- DATASET EXTRACT -
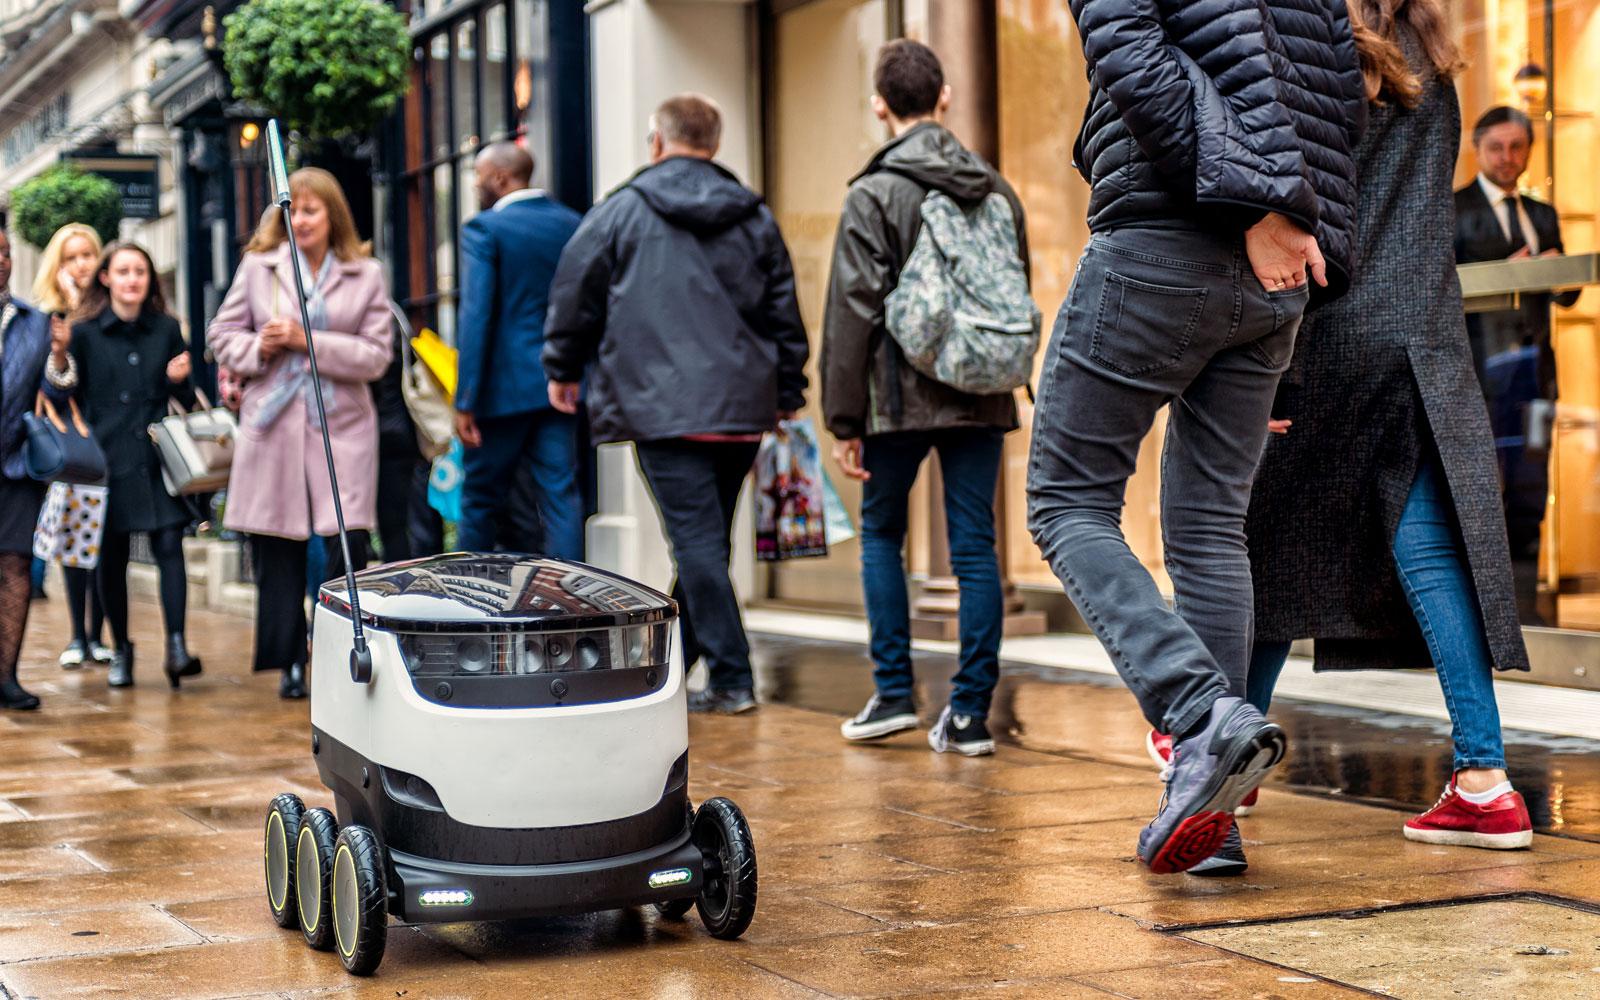 配送問題はロボットが解決する。路上デリバリーロボットの可能性
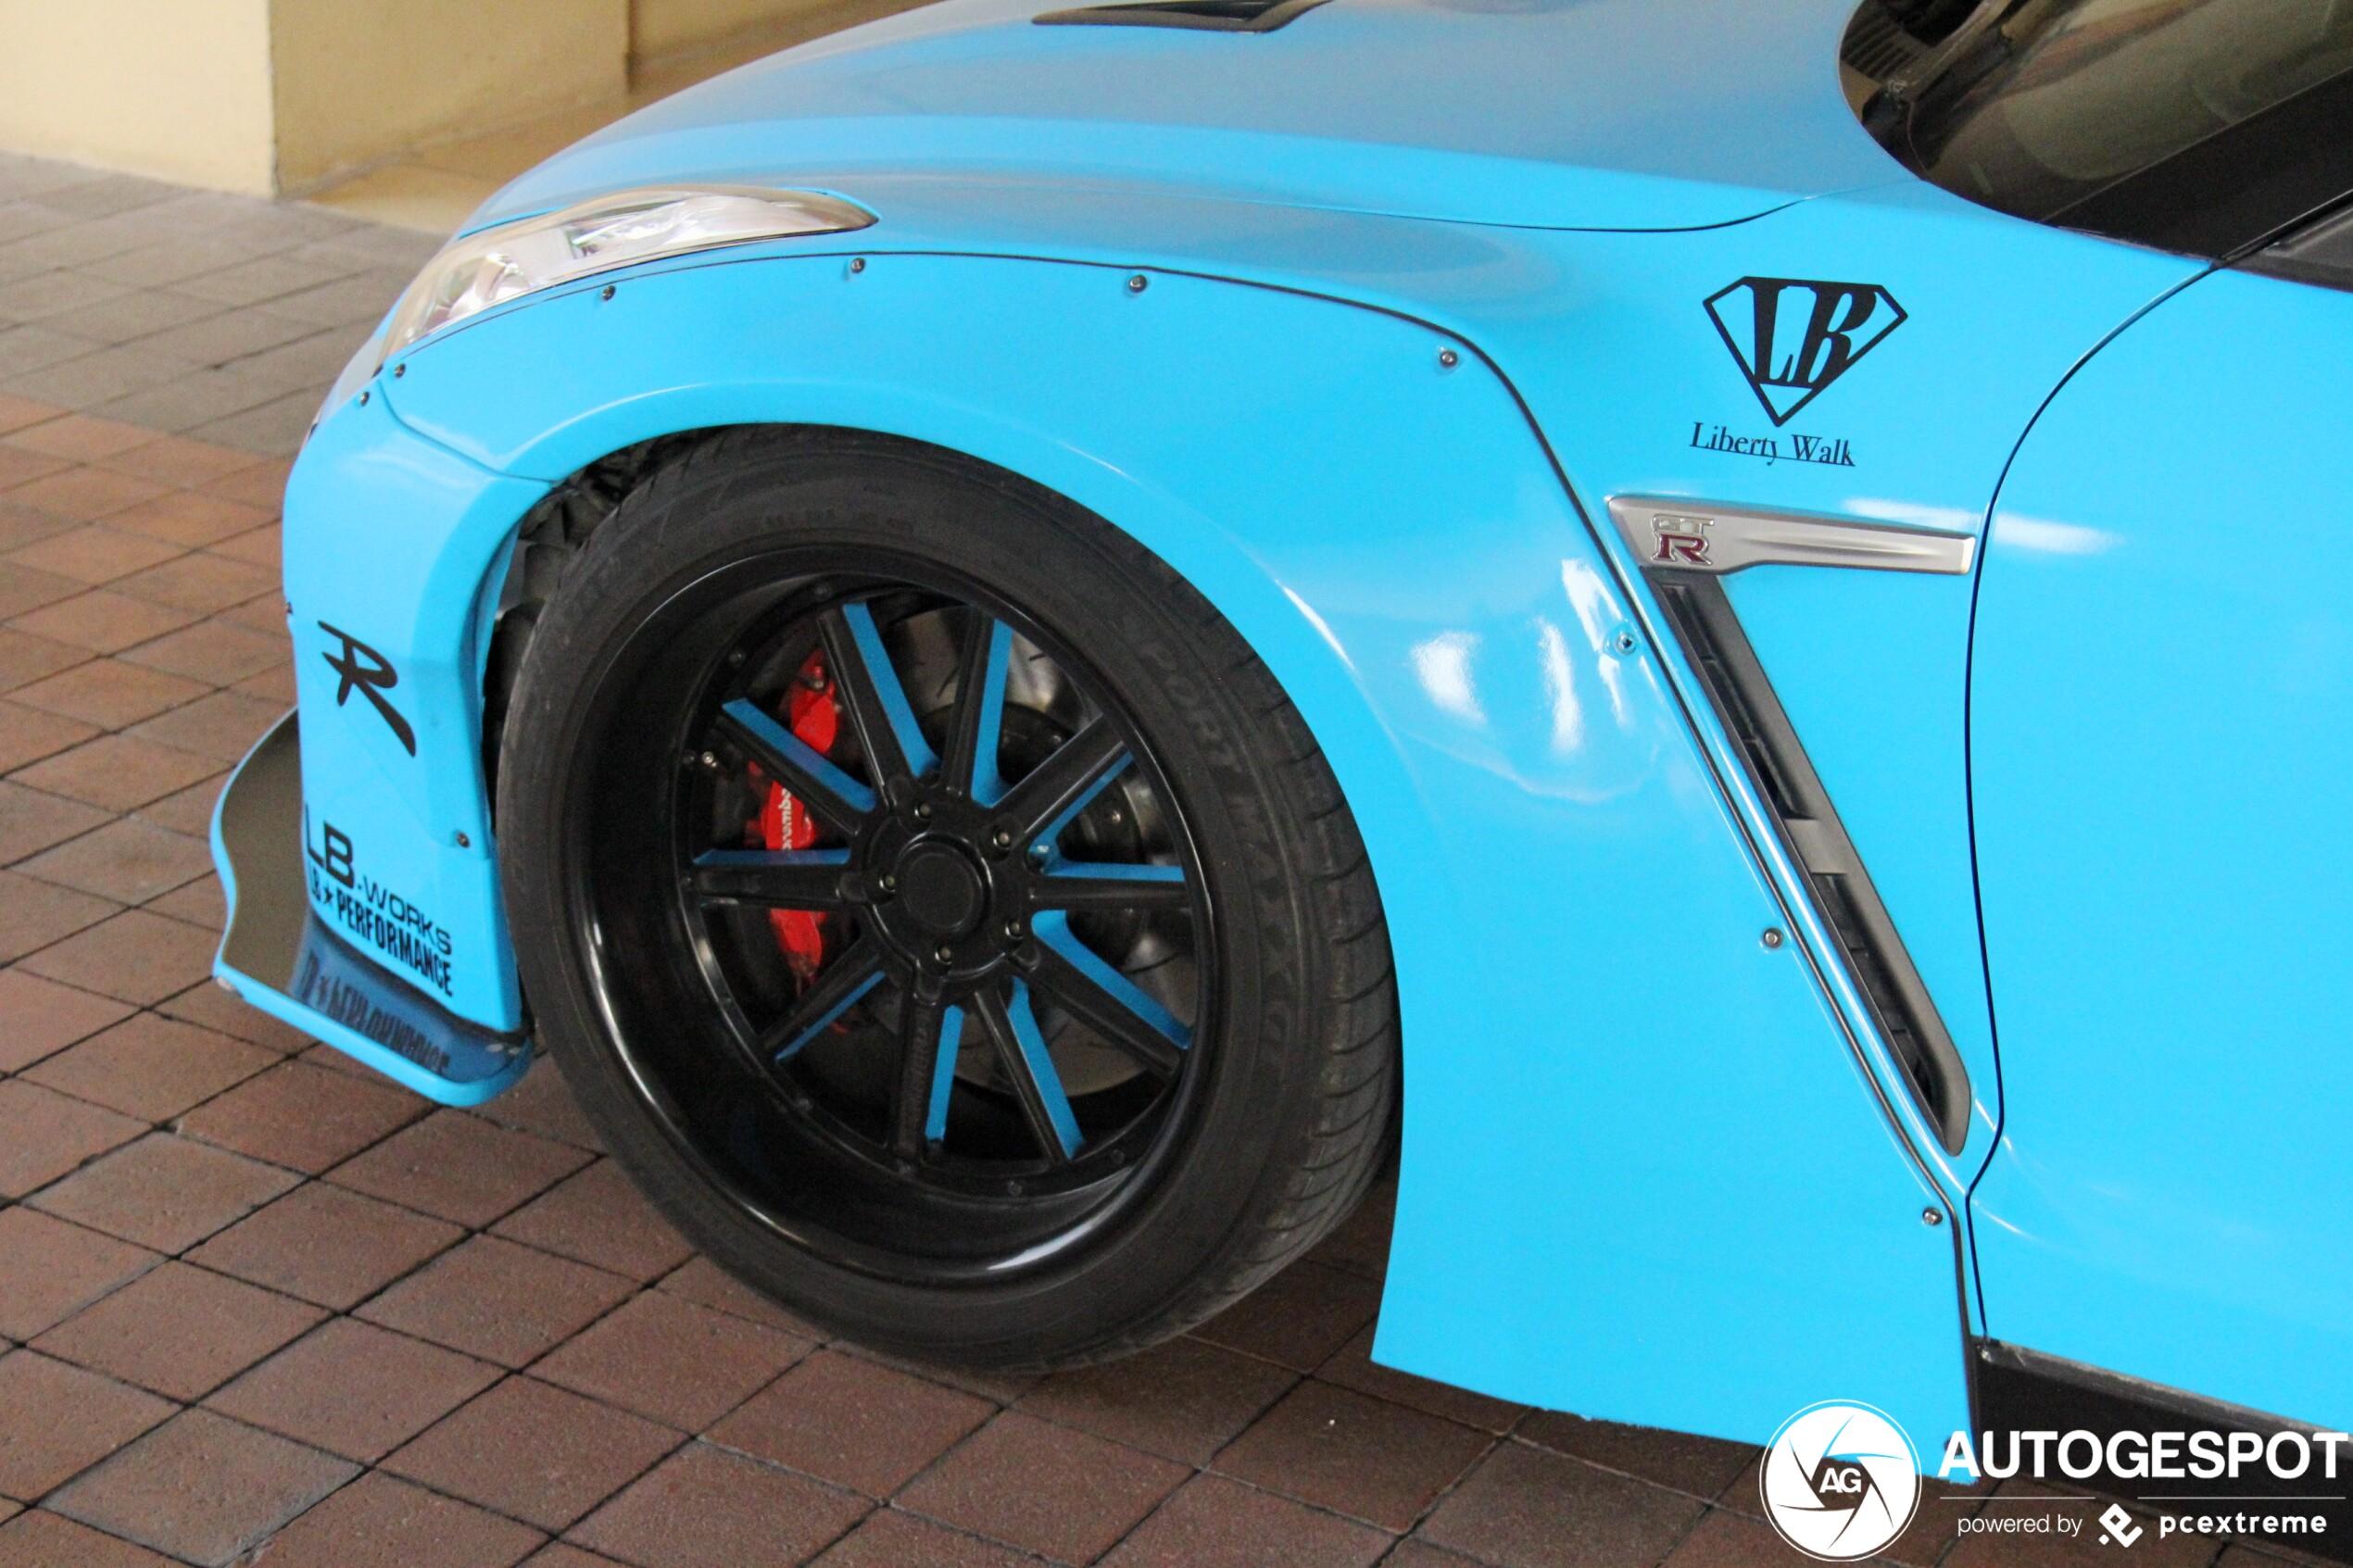 Tot in het extreme verbouwd: Nissan GT-R Liberty Walk
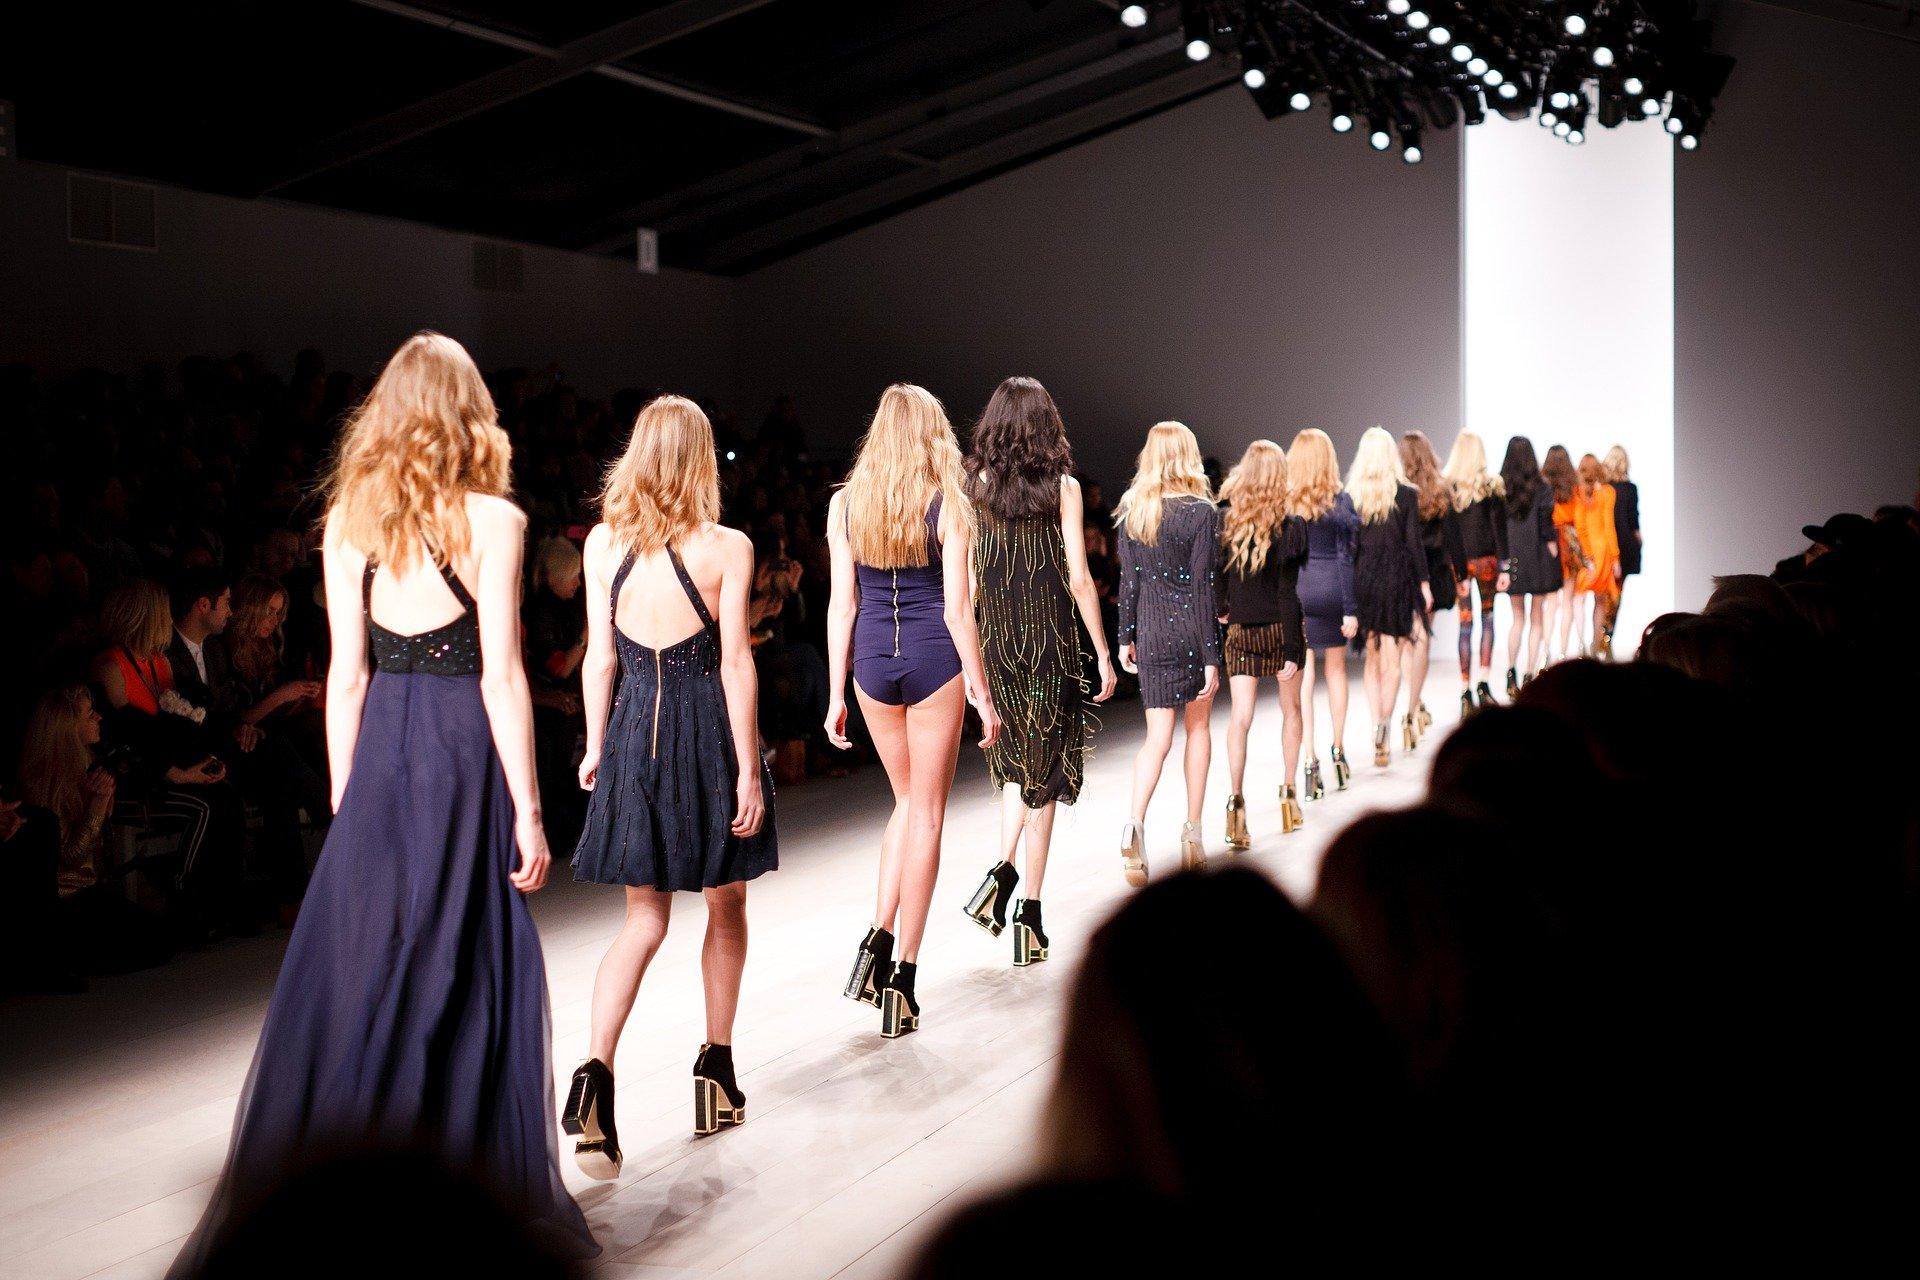 Modeschauen sind fester Bestandteil der wechselfreudigen Fashionwelt (Symbolbild). Quelle: Pixabay

- TASK REQUIREMENTS -
Nothing but the text is wanted: repeat the data above exactly, without its images.

- WRITTEN REPLY -
 配送問題はロボットが解決する。路上デリバリーロボットの可能性
 Tot in het extreme verbouwd: Nissan GT-R Liberty Walk
 Modeschauen sind fester Bestandteil der wechselfreudigen Fashionwelt (Symbolbild). Quelle: Pixabay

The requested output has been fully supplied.